Nice job @mpvginde! This looks fantastic and I'm curious to hear from @RubenImhoff about #337.

I was wondering, should we add an explicit test on reproducibility?

RubenImhoff commented 6 months ago

Great work, @mpvginde! I will have a look at the PR later this week. :)

dnerini commented 5 months ago

Hi @mpvginde should we try to push your fixes quickly to master and release them? Do you need any support of the issues that are still open or you think this is now ready to be merged?

mpvginde commented 5 months ago

Hi @dnerini, I noticed last week that in some cases, the result was also dependent on the number of dask workers used. This should be fixed now with the last commit that I added. I think this can be merged now. I'm not sure why the Black check is failing though, If somebody could help me with that.

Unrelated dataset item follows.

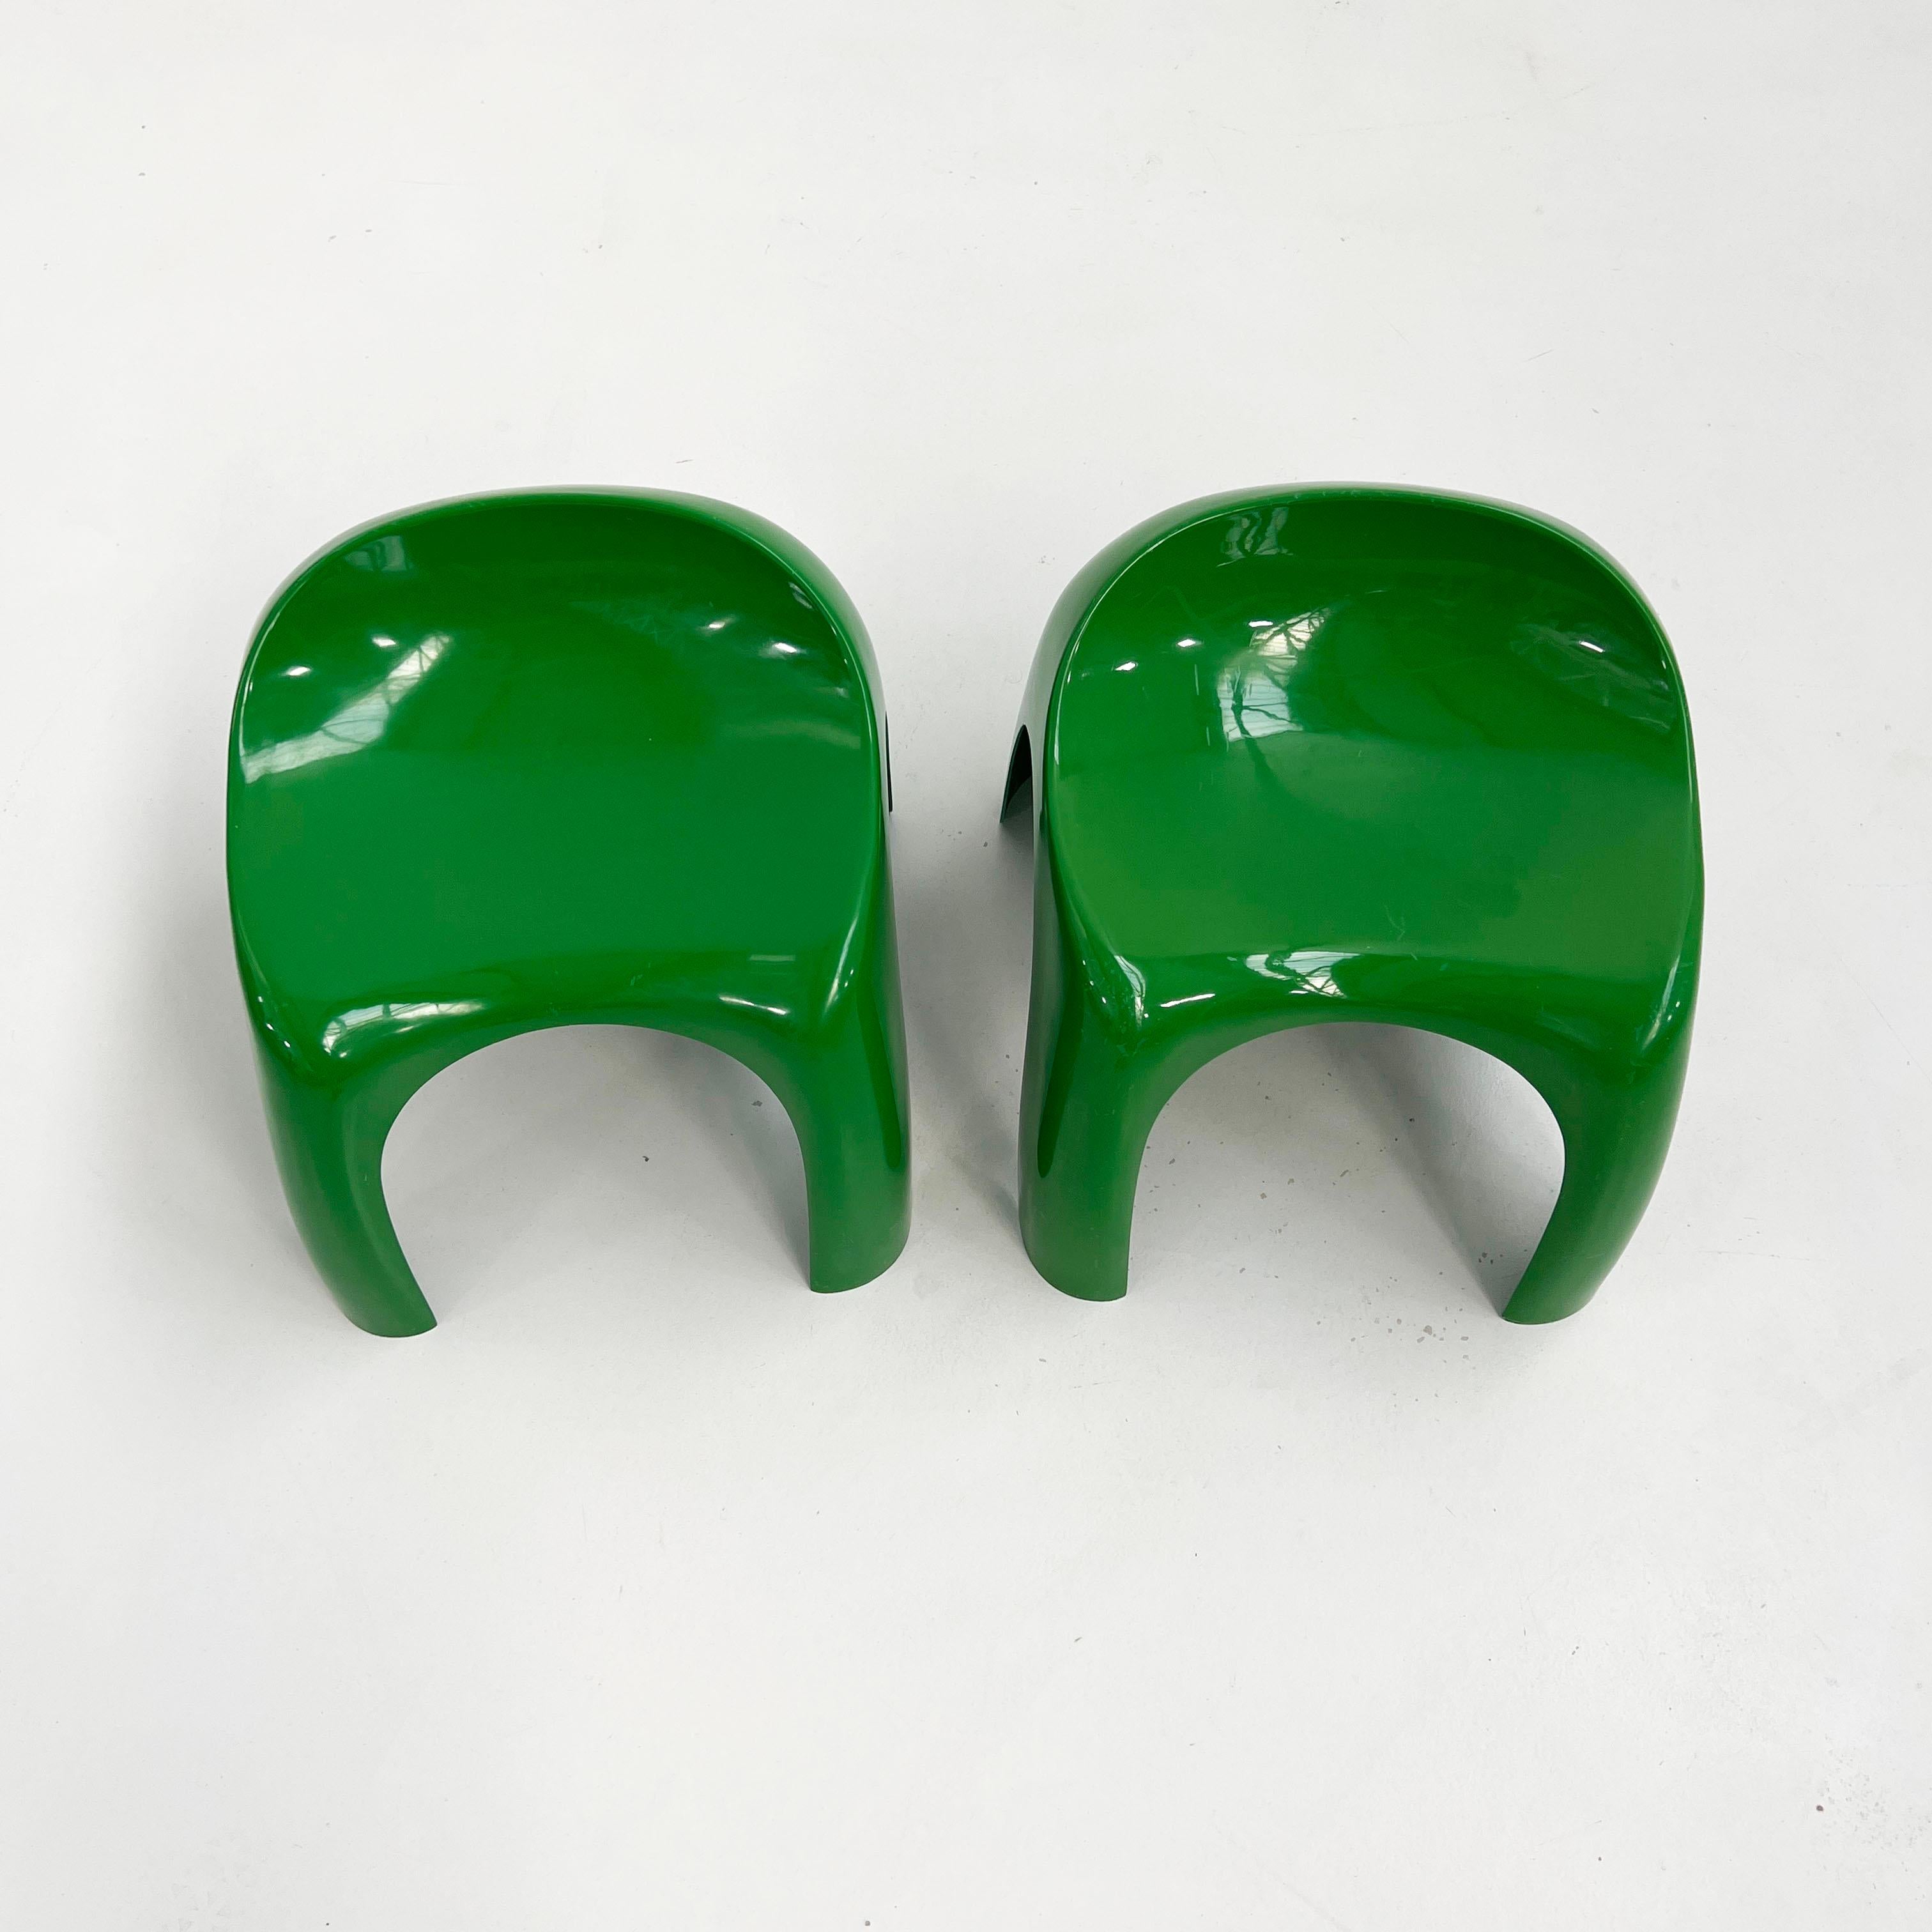 Plastic Pair of Green Efebo Stools by Stacy Dukes for Artemide, 1960s

I did notice that the method used for generating the random numbers is using some deprecated numpy-functions. If I find some more time I will try to update the generation of random number to the latest best practices. But for now this fix should be ok.

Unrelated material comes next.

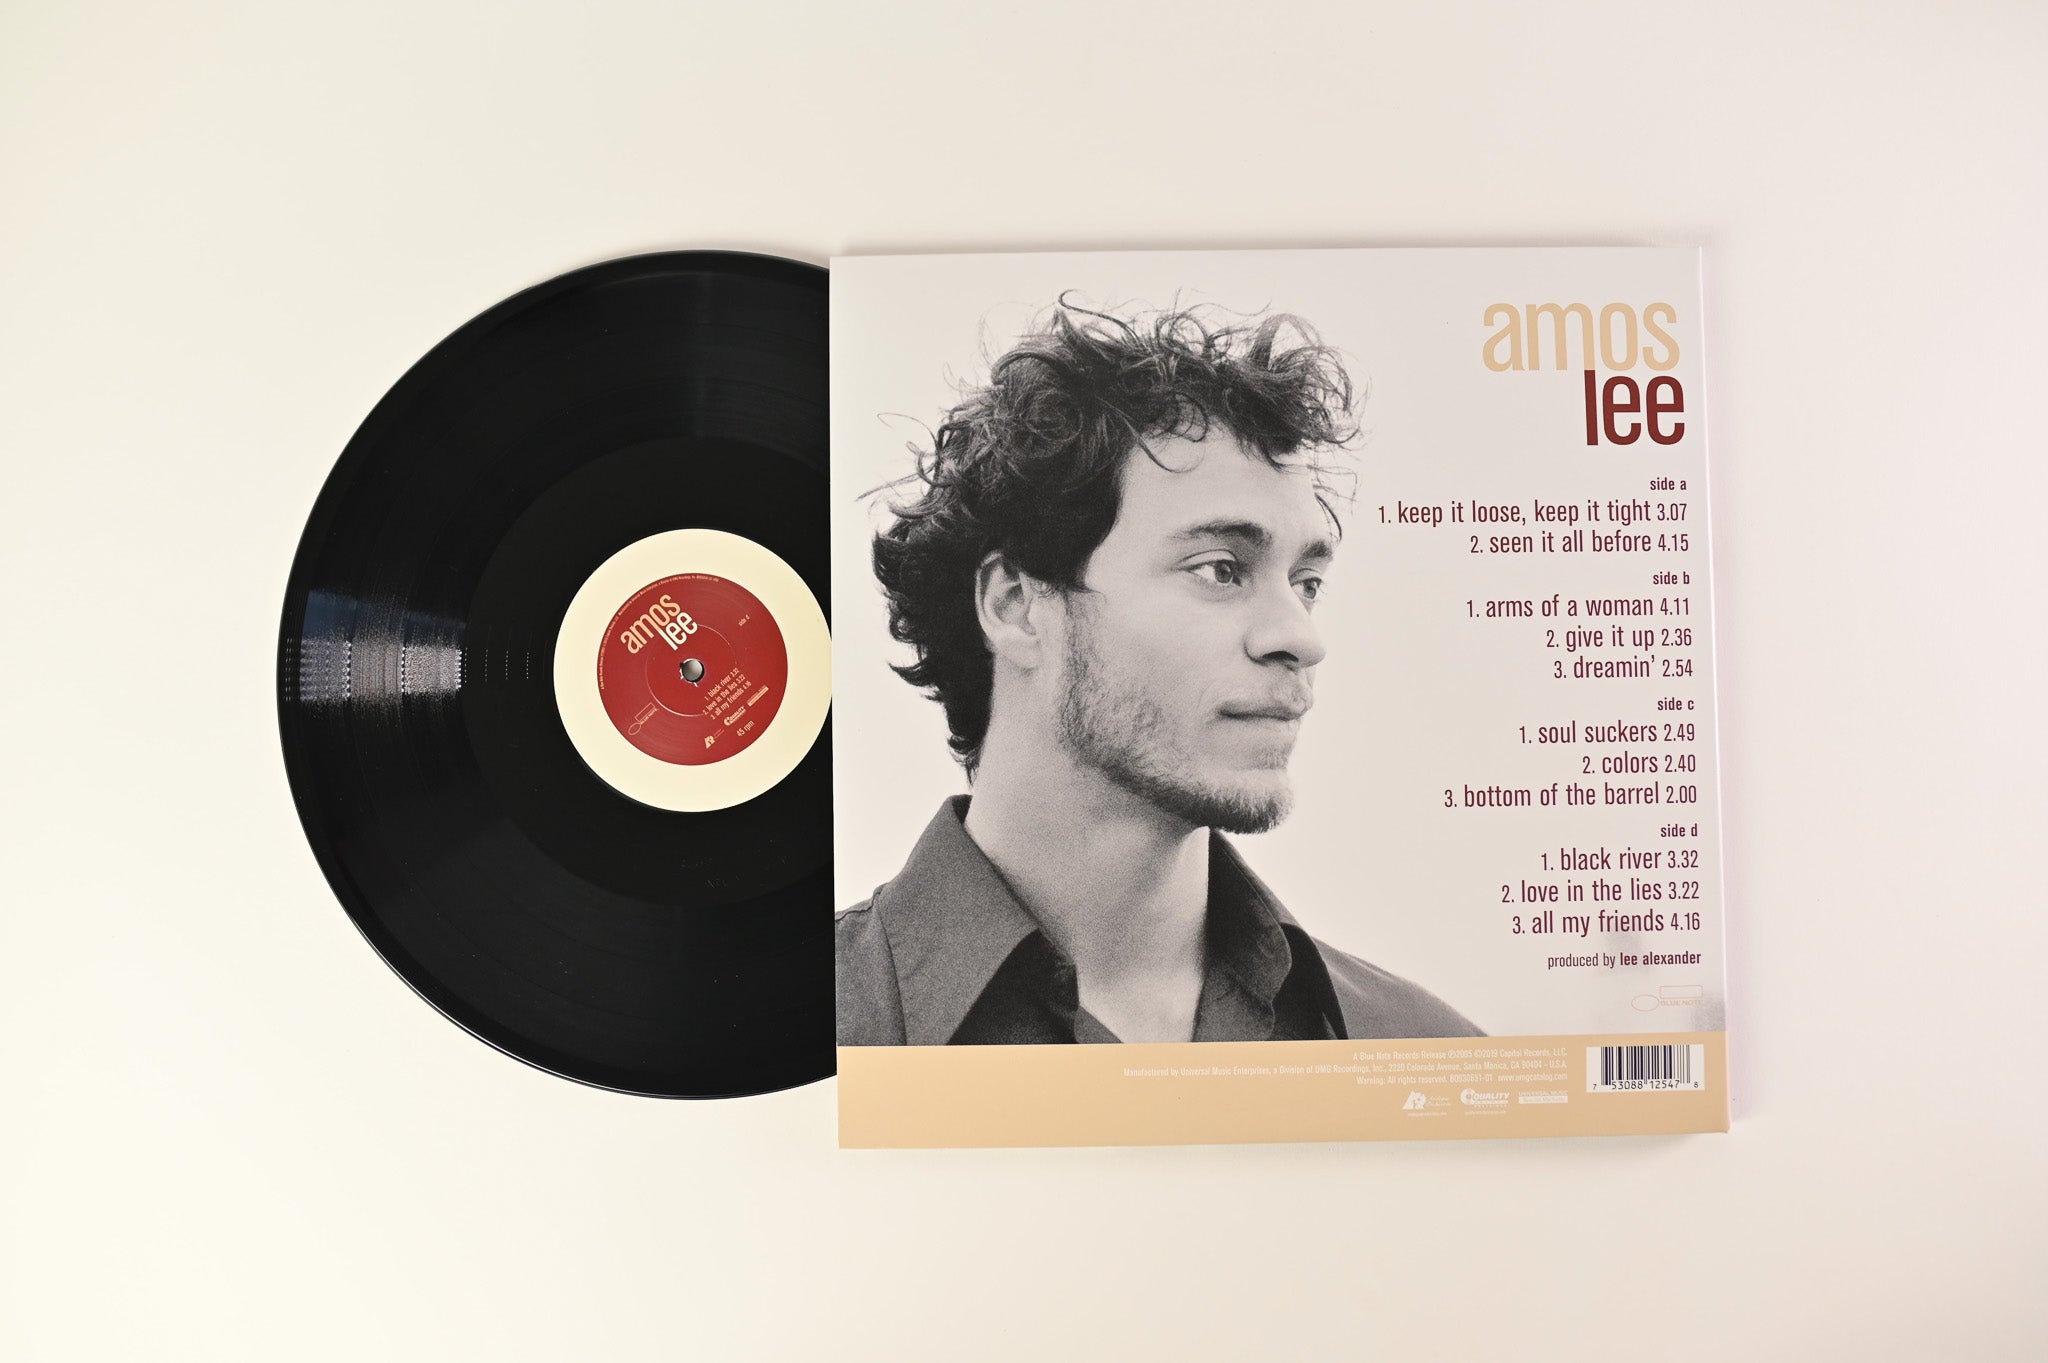 Amos Lee - Amos Lee on Blue Note Analogue Productions 45 RPM Reissue

dnerini commented 5 months ago

I think this can be merged now.

Brilliant! Just wondering if we should include the fix for the linda method too, as mentioned by @RubenImhoff?

I'm not sure why the Black check is failing though, If somebody could help me with that.

maybe you're using a older version of black locally? during tests we are using the latest available version

dnerini commented 5 months ago

alright, I'm merging this, thanks a lot @mpvginde for the nice contribution!